Well, there are three problems here. One is that this almost certainly didn’t happen. Nicholas is believed to have been present at the Council of Nicæa, but no contemporary writings, either of his or mentioning him by name, survive3; there is most certainly no surviving record of anybody resorting to violence during the proceedings. Two, we’re talking about a survivor of Diocletian’s persecution here—when it comes to nerve, this man had nothing to prove!

And number three, the most important. This is absolutely a funny story, and for those who enjoy and share it purely in that spirit, it’s probably harmless; but it is, also, a story about a saint doing something wrong.

V. Advent Is a Penitential Season, After All

This shouldn’t be hard. I mean, “don’t hit people” is literally something we learn in kindergarten. This behavior is, as entirely as possible, the opposite of turning the other cheek. And if this be defended on the grounds that it was for a sacred cause, in what way does God need human beings to protect him?

But of course, the based Crusader avatars don’t like this because it’s a story of repentance. They like it as rationalization. People love being angry; it’s an itch that’s pleasurable to scratch, just like lust. That’s natural in its way, like cancer. Christianity isn’t. In some ways, I think the traditional cant about St. Thomas “baptizing Aristotle” has done harm, because it gives the impression that all our nature needed was a hearty scrub-down and it’s fine otherwise. That’s not the truth. We were “buried with by baptism into death,” not an inconvenience.

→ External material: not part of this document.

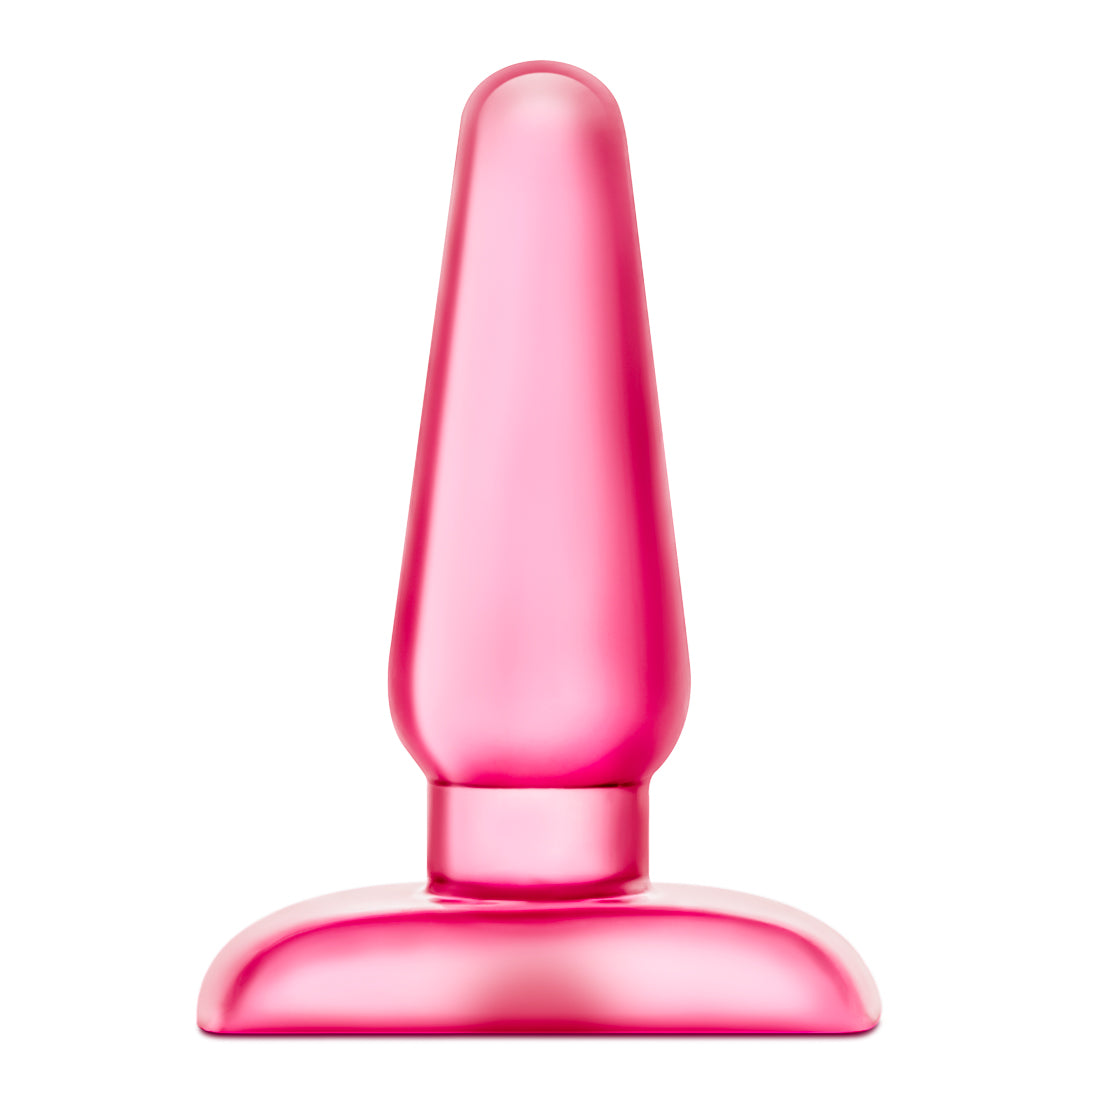 B Yours - Eclipse Anal Pleaser Medium - Pink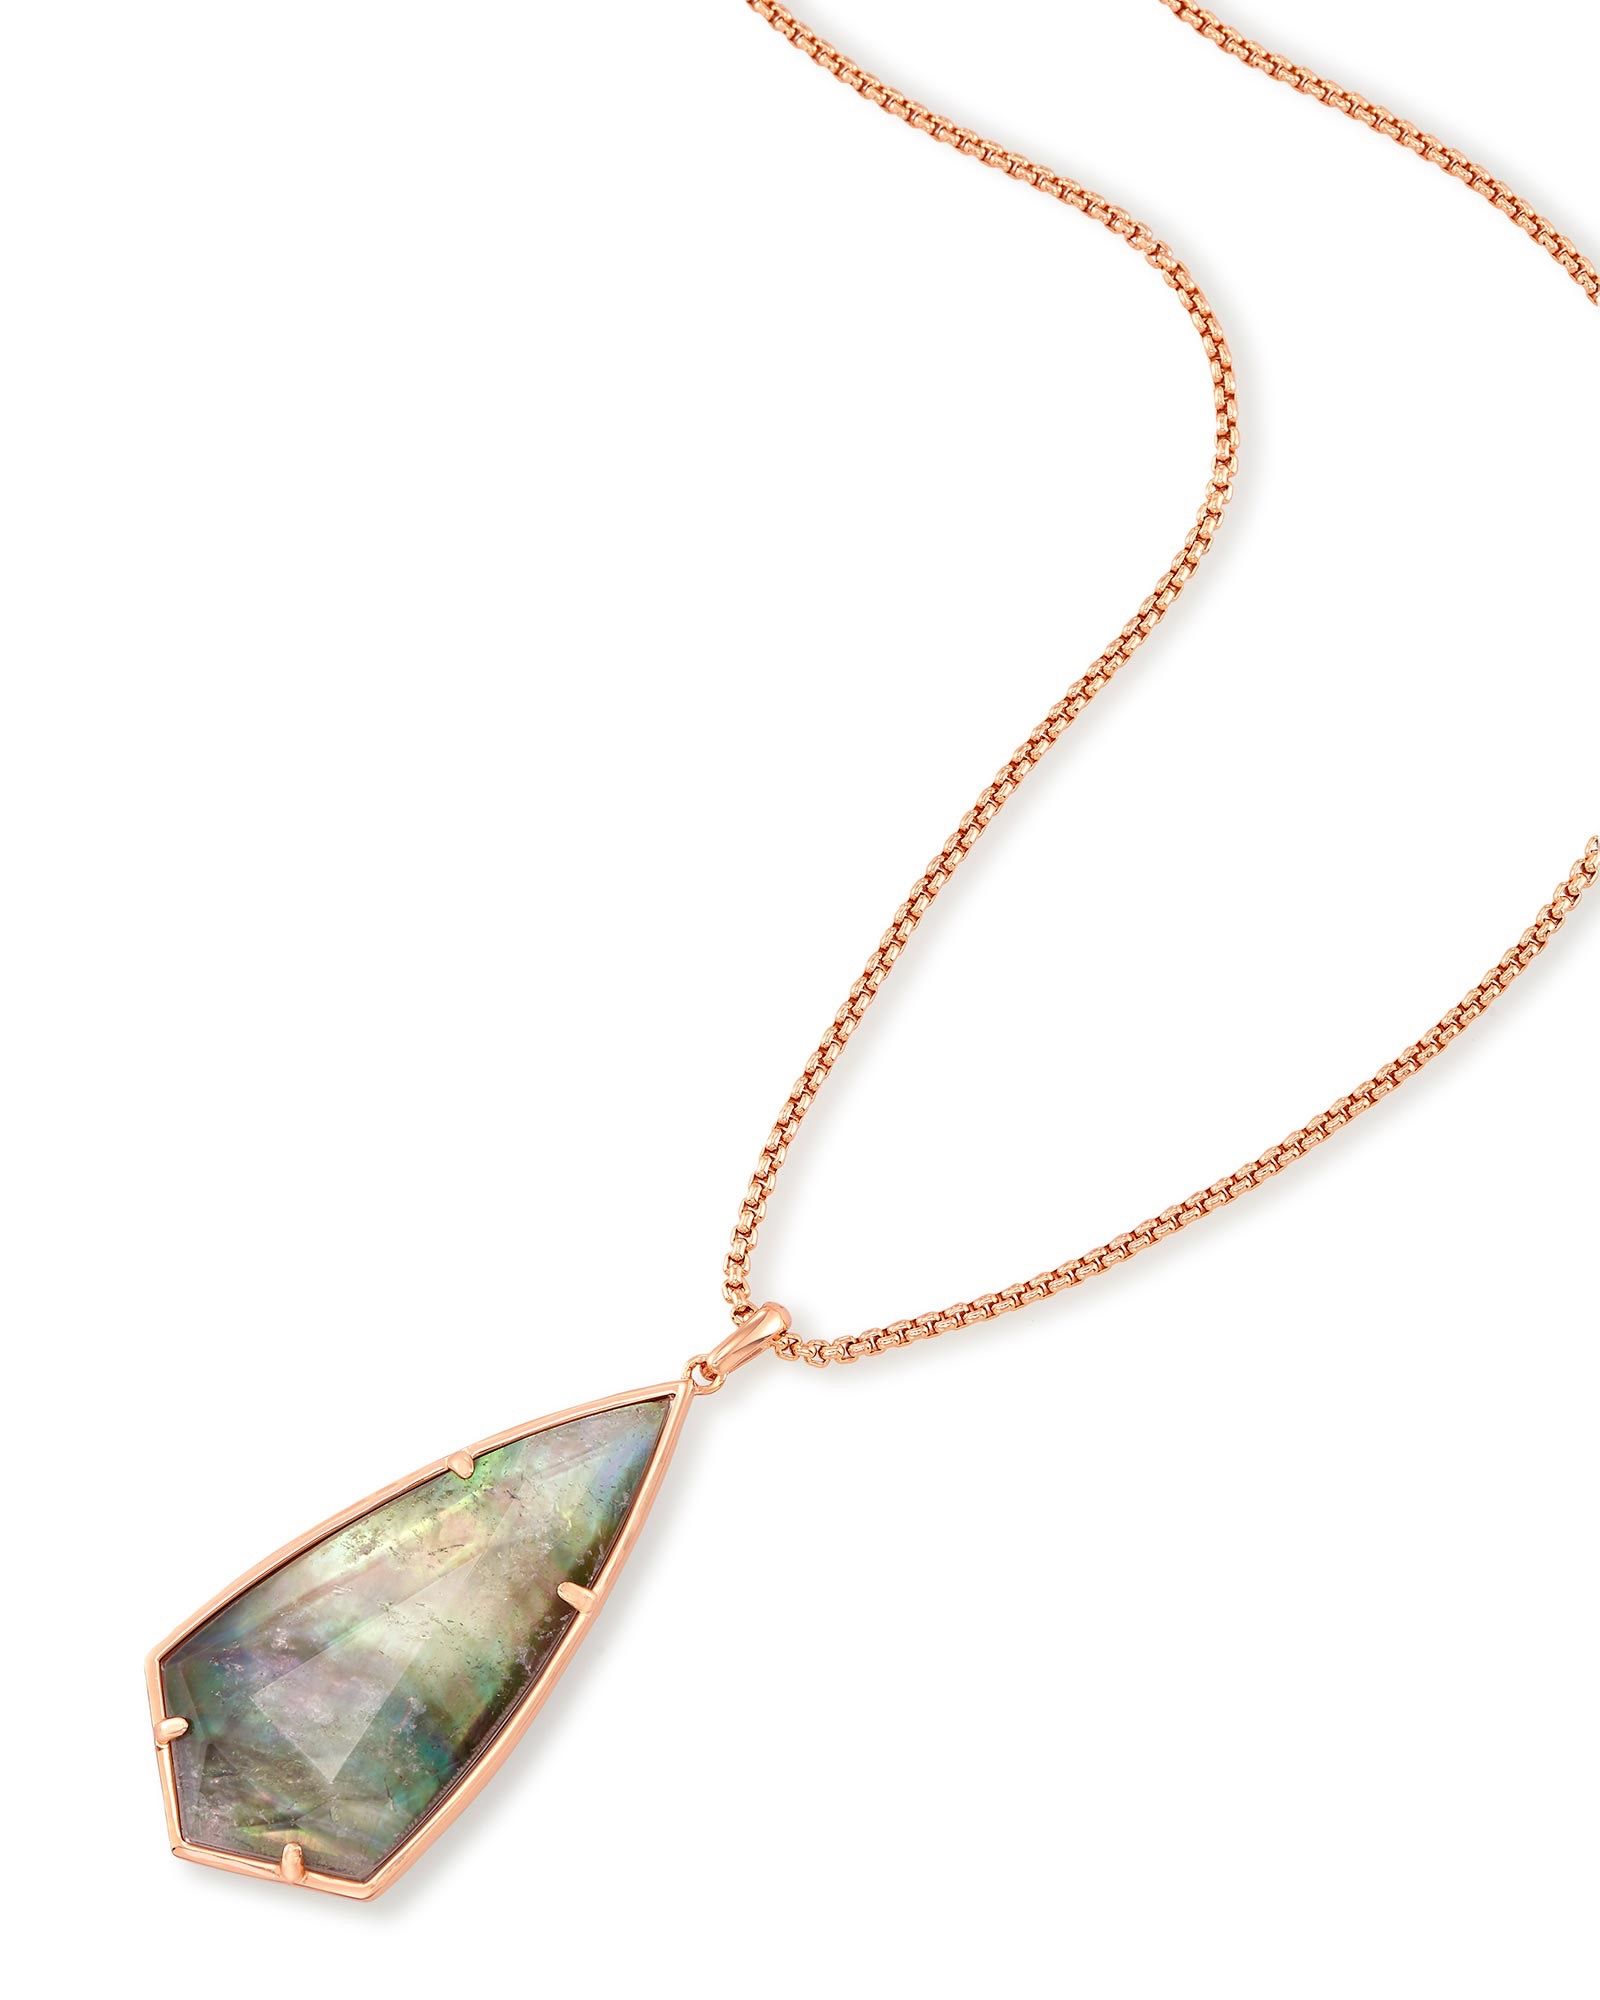 Carole Long Pendant Necklace in Crystal Gray Illusion | Kendra Scott

This difference between the new, and the old man … is a difference as real, as that between heaven and earth … When religion is in the hands of the mere natural man, he is always the worse for it; it adds a bad heat to his own dark fire, and helps to inflame his four elements of selfishness, envy, pride, and wrath. And hence it is, that worse passions, or a worse degree of them, are to be found in persons of great religious zeal, than in others that make no pretenses to it. —William Law, Christian Regeneration


1This may seem confusing at first: if Mary never had any sin, how did she have anything to be saved from? But Mary was not exempt from sin by her own white knuckles. This was a special gift of God, and (on the Catholic view) went all the way back to the very moment she was conceived—which if anything makes it more definite that she did not manage this by herself!
2The Legenda Aurea or “Golden Legend” is a collection of ancient lives of saints, which was very popular in the Middle Ages. A lot of conventional stories about the saints are traceable to the Legenda.
3This is actually not unusual, either for the ancient world in general or this period in particular. Constantine’s reign came more or less on the heels of the Crisis of the Third Century, a long era of instability during which the Roman Empire split temporarily into three fragments. (One of these, the Palmyrene Empire, was ruled by the awesomely-named Queen Zenobia.) As a result, a lot of otherwise normal records were lost or never made.